Andrea Girón Mathern (left) and Rebecca Luttrell share a laugh at the kitchen table during the Front Porch interview. The women host the podcast All The Grief, created through the shared loss of their fathers.
Grief hits everyone at some point in life, but it’s not something people readily talk about. Two women say they hope to open up the conversation about grieving so that “all the humans” who have experienced loss can find a space to feel better about sharing their emotions.
Andrea Girón Mathern, a social scientist, and Rebecca Luttrell, a psychotherapist, host the podcast All the Grief. Mathern works from a closet turned studio in her Park Hill home while Luttrell does the same in Longmont.

In a bedroom at her Park Hill home, Andrea Girón Mathern has transformed a closet into a quiet podcast studio.

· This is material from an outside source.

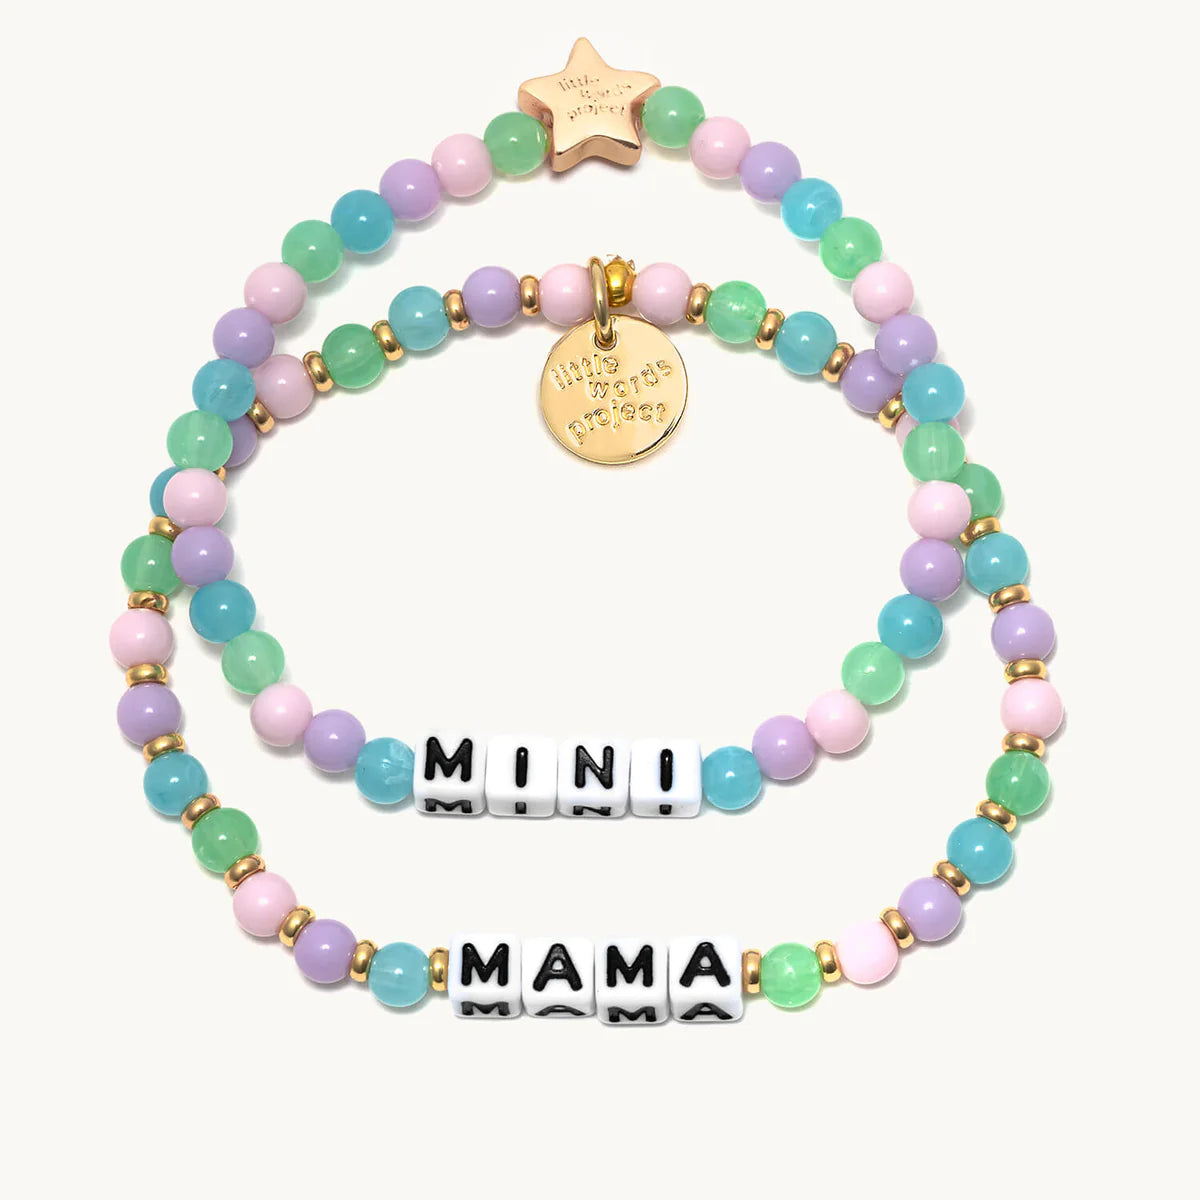 Little Words Project Mama&Mini Bracelets

Their friendship is evident through their conversation and laughter during a Front Porch interview around the kitchen table in Mathern’s Denver home. Yes, laughter can accompany a conversation about grief.
“Grief isn’t all sadness. There’s so much beauty and so much love, and there’s always laughter within it. I remember the first time I laughed after my dad passed away, and there was this mixed feeling—Does that mean I’m not sad anymore?” Mathern says.
The death of family members is just one of the many topics the two women explore in their podcast. The shared loss of their fathers is what brought the friends closer together.
“I just went to her (Luttrell’s) house and sat on her couch and cried, then everything was OK,” Mathern says. “I also was able to laugh and talk about it and not talk about it, and she just became an anchor for me during a really hard time—the grief and the shock of losing my dad.”
Mathern’s father died in 2020 so, like many others during the pandemic, she couldn’t hold a proper funeral and couldn’t grieve in person with her family. That’s how the two women became “griefy friends,” Mathern says—friends and podcast hosts who want other people to feel the same support.
“We suppress a lot of emotions,” says Luttrell. “That’s one of the big motivators for doing this podcast. How do we keep shedding light on what grief is, that you don’t have to be afraid of it, that when we let ourselves feel it, we can feel more fully into life? And how do we just normalize it in a culture that leans away from it? How do we keep people leaning towards it and wanting to engage in conversations? Like death and taxes, it is something we all will experience, and it’s sad that we don’t make space for that in our culture.”
Luttrell is a grief therapist now after years working with eating disorders. Grief, she says, “just kept popping up,” so it was clear to her that she wanted to be working in the area, because “it’s so different.”
Therapists are trying to fix anxiety and depression, she says, but she sees grief as something that can’t be fixed as much as supported.
Mathern’s career trajectory changed after her father’s death. Within a year, she quit her job at the Denver Museum of Nature and Science, where she’d been working for 10 years, and started to try to find what made her “heart happy.”
And now, at the beginning of each episode of All the Grief, the women greet each other with the same question: “How’s your heart?” Guests range from poets to authors and a death doula.
Mathern and Luttrell’s podcast focuses on emotion and creating a space where grief is not hidden but embraced. They say people have a desire to talk about their grief, to share their stories, and to be seen and heard, “getting to find safe space to talk freely about grief,” Luttrell says, and not to worry about tears or the fear their grief isn’t as important as someone else’s.
During times of year like Mother’s Day where people are supposed to be happy, Mathern says, “oftentimes the first thing we think about is death and loss.” She adds there’s starting to be more of a shift in recognizing that “it’s Mother’s Day. Remember, that’s not amazing for everyone.”
Mathern is hosting a workshop in May that she says may be “a helpful resource for folks with complex mother relationships for whom Mother’s Day may be difficult or complicated.” (Information at tinyurl.com/FrontPorchMathernWorkshop) Also, the two women are hosting grief workshops and a three-day grief retreat in the fall.
All the Grief is available on Apple and Spotify.